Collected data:
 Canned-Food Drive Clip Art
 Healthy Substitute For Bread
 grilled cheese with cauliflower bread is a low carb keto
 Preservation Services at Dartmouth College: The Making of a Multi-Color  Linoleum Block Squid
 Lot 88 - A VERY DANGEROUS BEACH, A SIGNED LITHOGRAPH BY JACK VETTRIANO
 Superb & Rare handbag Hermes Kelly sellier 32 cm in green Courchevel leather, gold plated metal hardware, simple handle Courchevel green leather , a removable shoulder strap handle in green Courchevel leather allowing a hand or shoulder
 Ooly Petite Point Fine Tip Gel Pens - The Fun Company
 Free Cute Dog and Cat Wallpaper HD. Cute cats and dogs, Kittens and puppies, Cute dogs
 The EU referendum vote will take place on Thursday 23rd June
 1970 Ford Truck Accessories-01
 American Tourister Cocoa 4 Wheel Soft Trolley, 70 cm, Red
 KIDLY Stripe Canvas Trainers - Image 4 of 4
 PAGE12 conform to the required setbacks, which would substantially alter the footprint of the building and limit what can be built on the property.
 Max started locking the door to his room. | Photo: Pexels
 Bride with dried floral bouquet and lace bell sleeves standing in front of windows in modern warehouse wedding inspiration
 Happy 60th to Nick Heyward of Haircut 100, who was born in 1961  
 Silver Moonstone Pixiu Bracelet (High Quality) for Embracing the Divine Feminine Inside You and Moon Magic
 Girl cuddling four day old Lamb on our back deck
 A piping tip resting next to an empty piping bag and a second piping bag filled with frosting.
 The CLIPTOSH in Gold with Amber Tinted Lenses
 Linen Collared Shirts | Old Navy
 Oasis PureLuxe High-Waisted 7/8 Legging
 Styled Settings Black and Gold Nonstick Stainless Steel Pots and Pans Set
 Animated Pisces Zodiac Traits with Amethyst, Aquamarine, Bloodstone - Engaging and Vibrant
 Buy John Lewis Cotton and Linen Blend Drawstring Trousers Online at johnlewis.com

Task statement: All of the records should be repeated precisely as written.

Output of the task:
 Canned-Food Drive Clip Art
 Healthy Substitute For Bread
 grilled cheese with cauliflower bread is a low carb keto
 Preservation Services at Dartmouth College: The Making of a Multi-Color  Linoleum Block Squid
 Lot 88 - A VERY DANGEROUS BEACH, A SIGNED LITHOGRAPH BY JACK VETTRIANO
 Superb & Rare handbag Hermes Kelly sellier 32 cm in green Courchevel leather, gold plated metal hardware, simple handle Courchevel green leather , a removable shoulder strap handle in green Courchevel leather allowing a hand or shoulder
 Ooly Petite Point Fine Tip Gel Pens - The Fun Company
 Free Cute Dog and Cat Wallpaper HD. Cute cats and dogs, Kittens and puppies, Cute dogs
 The EU referendum vote will take place on Thursday 23rd June
 1970 Ford Truck Accessories-01
 American Tourister Cocoa 4 Wheel Soft Trolley, 70 cm, Red
 KIDLY Stripe Canvas Trainers - Image 4 of 4
 PAGE12 conform to the required setbacks, which would substantially alter the footprint of the building and limit what can be built on the property.
 Max started locking the door to his room. | Photo: Pexels
 Bride with dried floral bouquet and lace bell sleeves standing in front of windows in modern warehouse wedding inspiration
 Happy 60th to Nick Heyward of Haircut 100, who was born in 1961  
 Silver Moonstone Pixiu Bracelet (High Quality) for Embracing the Divine Feminine Inside You and Moon Magic
 Girl cuddling four day old Lamb on our back deck
 A piping tip resting next to an empty piping bag and a second piping bag filled with frosting.
 The CLIPTOSH in Gold with Amber Tinted Lenses
 Linen Collared Shirts | Old Navy
 Oasis PureLuxe High-Waisted 7/8 Legging
 Styled Settings Black and Gold Nonstick Stainless Steel Pots and Pans Set
 Animated Pisces Zodiac Traits with Amethyst, Aquamarine, Bloodstone - Engaging and Vibrant
 Buy John Lewis Cotton and Linen Blend Drawstring Trousers Online at johnlewis.com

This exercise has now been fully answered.